Перед ночной сменой ужинают примерно за час до начала работы. Непременно следует принимать пищу и во время работы, между тремя и четырьмя часами. У многих нет аппетита в такое время, но есть необходимо. Ночное питание требуется и для пополнения энергетических ресурсов организма, но в основном для оживления затихающего ночью обмена веществ. Калорийность ночной пищи зависит от тяжести труда. Во всяком случае она должна содержать в обилии белки, интенсифицирующие обмен веществ и поднимающие тонус центральной нервной системы. Желательны горячие мясные и рыбные блюда; блюда, приготовленные из яиц и творога; сыр, молочные продукты, кофе, чай. Пища должна быть богата витаминами. При необходимости следует принимать витамин С и витамины группы В. Работая в ночную смену, целесообразно витамины в драже, предназначенные для дневного приема, принимать как раз ночью. По возвращении с работы едят легкий завтрак и ложатся спать.

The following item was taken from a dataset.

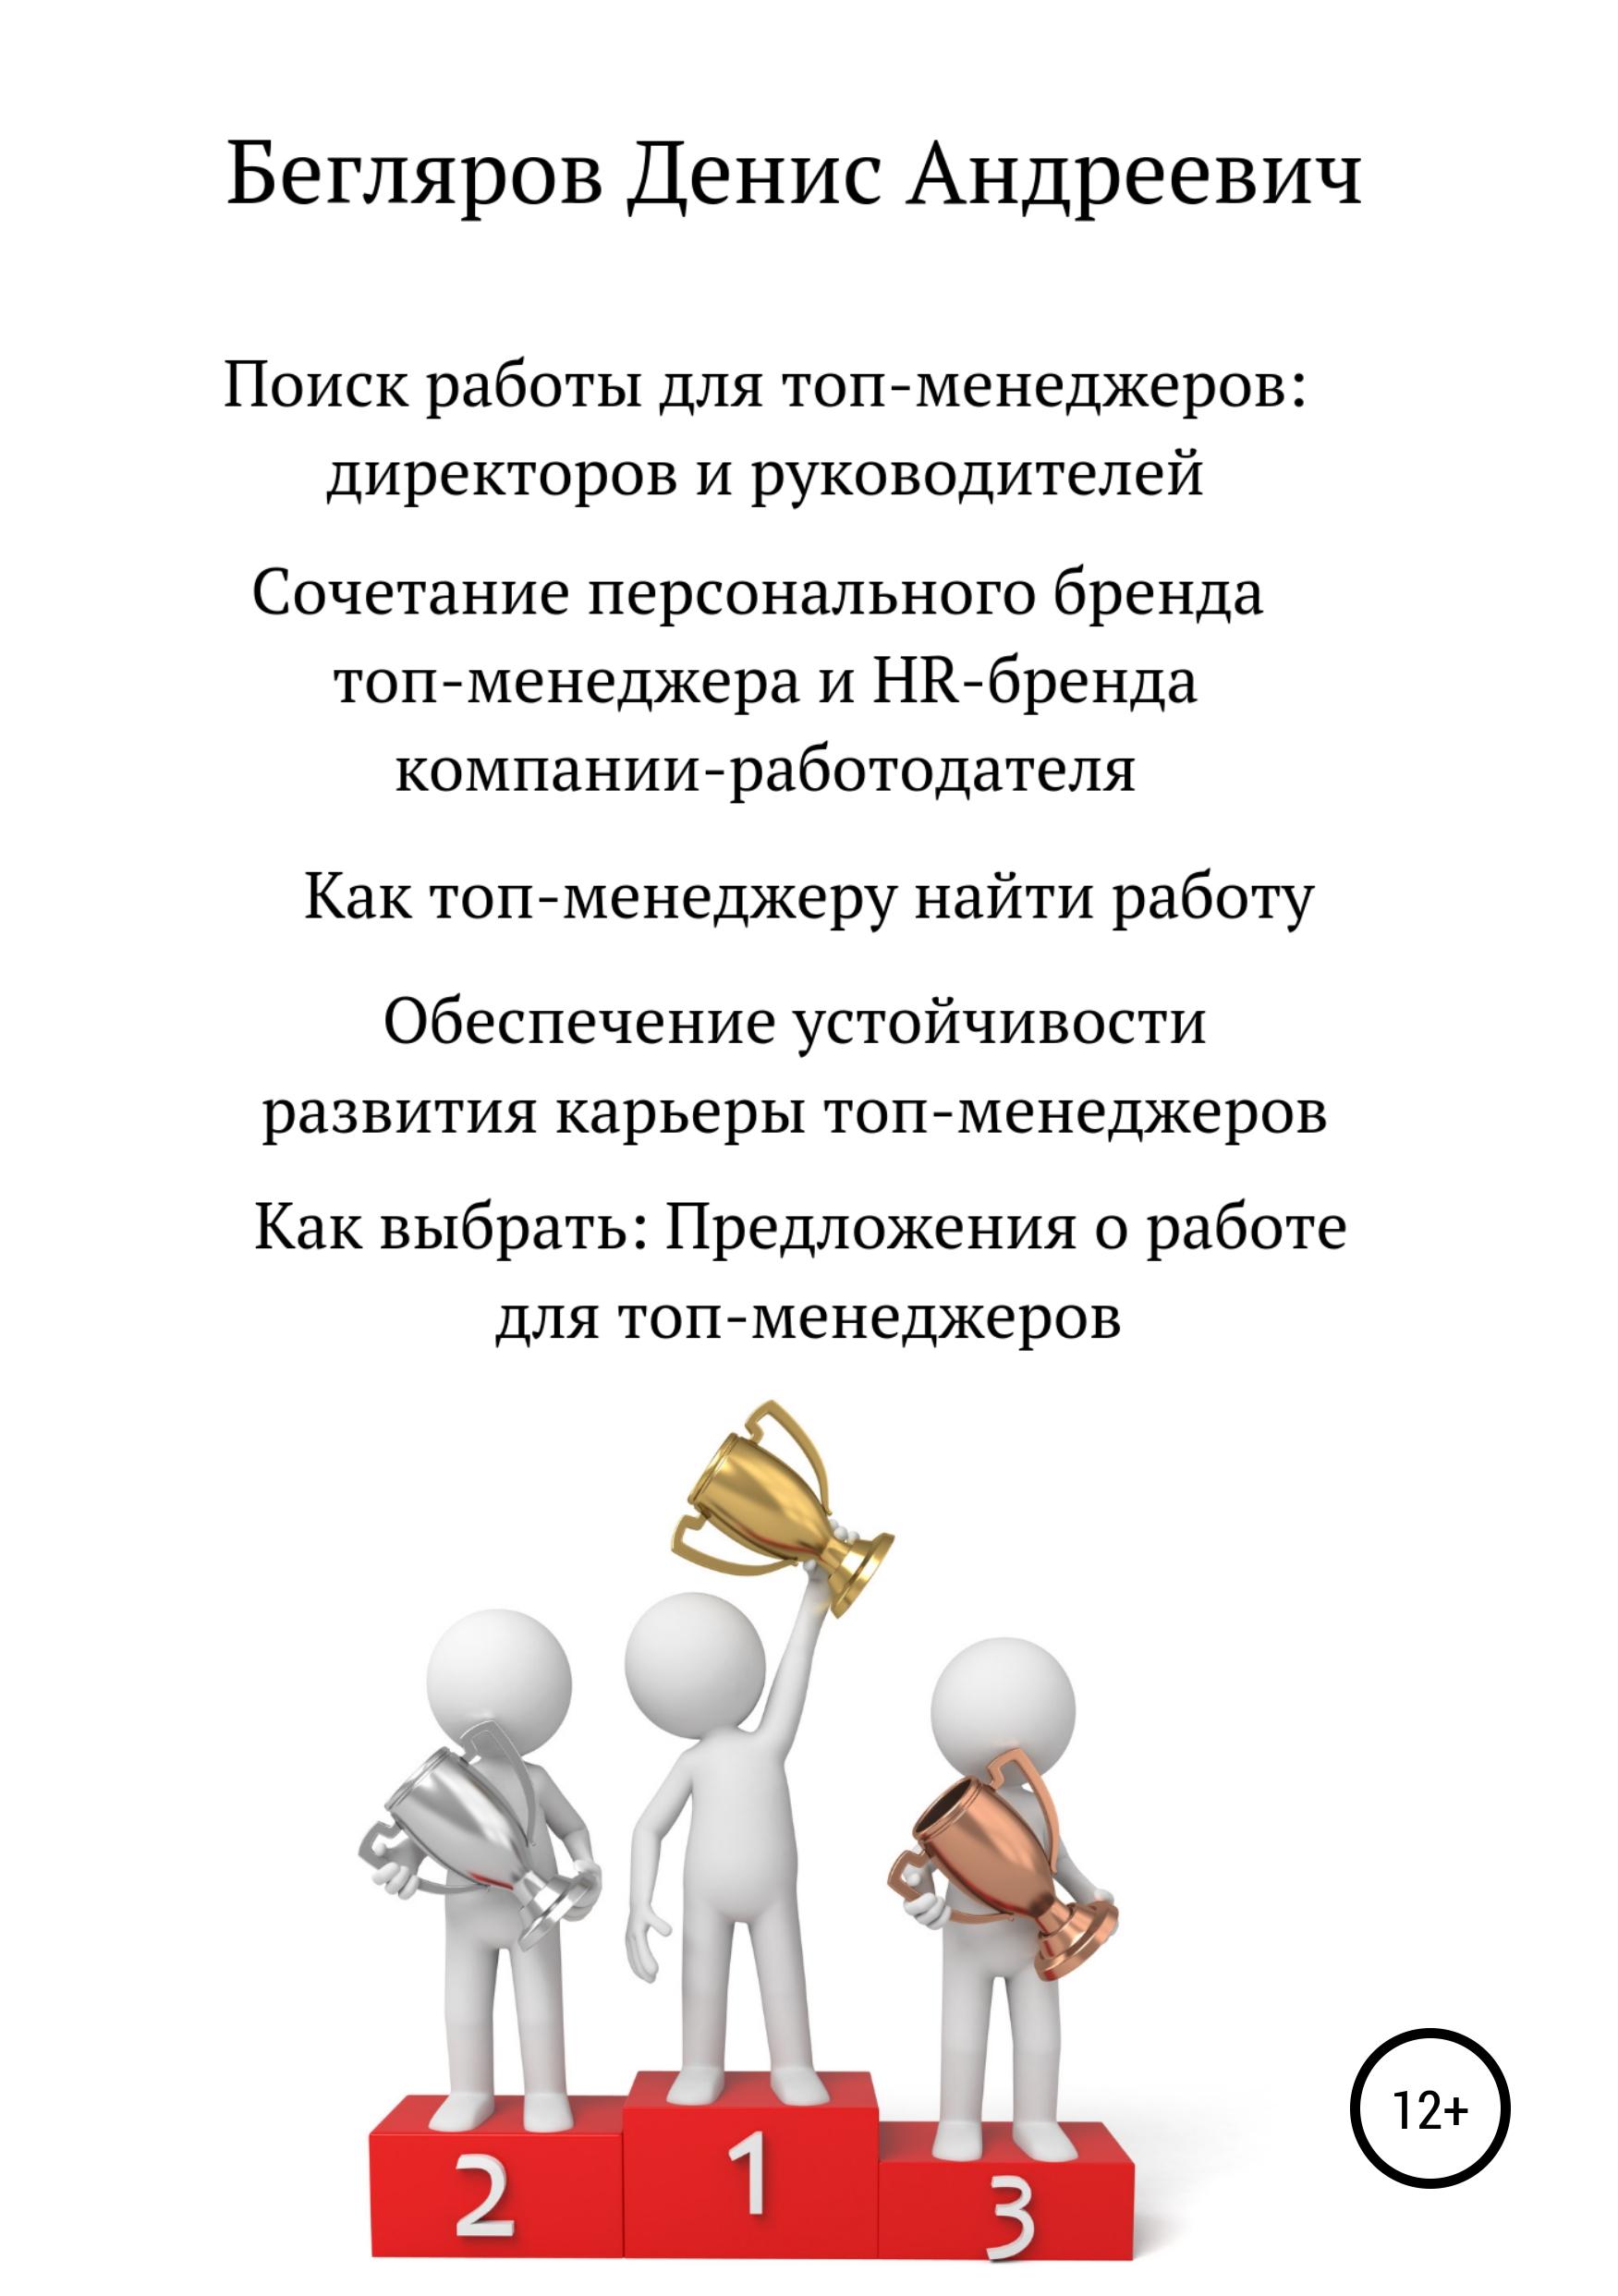 Денис Андреевич Бегляров Поиск работы для топ-менеджеров: директоров и руководителей авиакомпании вакансии

Между утром и вечером, т. е. в часы нормального бодрствования, вполне возможно сознательное перемещение периода наибольшей трудоспособности в соответствии с потребностью или желанием. Это подтверждено как научными исследованиями, так и опытом повседневной жизни.
Физической работой заниматься можно в любое время: вечером, утром, днем. Если в течение продолжительного времени более напряженно работать до обеда, то это время дня и становится периодом наибольшей производительности труда. В таком случае сам мышечный труд служит синхронизатором суточного ритма (периодического изменения) трудоспособности. Постоянные часы наибольшей трудоспособности формируются только у тех, у кого режим дня действительно стереотипен, т. е. чередование работы и отдыха изо дня в день повторяется строго в один и те же часы. Нарушение режима дня, употребление алкоголя и даже сильные переживания могут нарушить эту синхронность, и тогда пик трудоспособности так и не будет достигнут.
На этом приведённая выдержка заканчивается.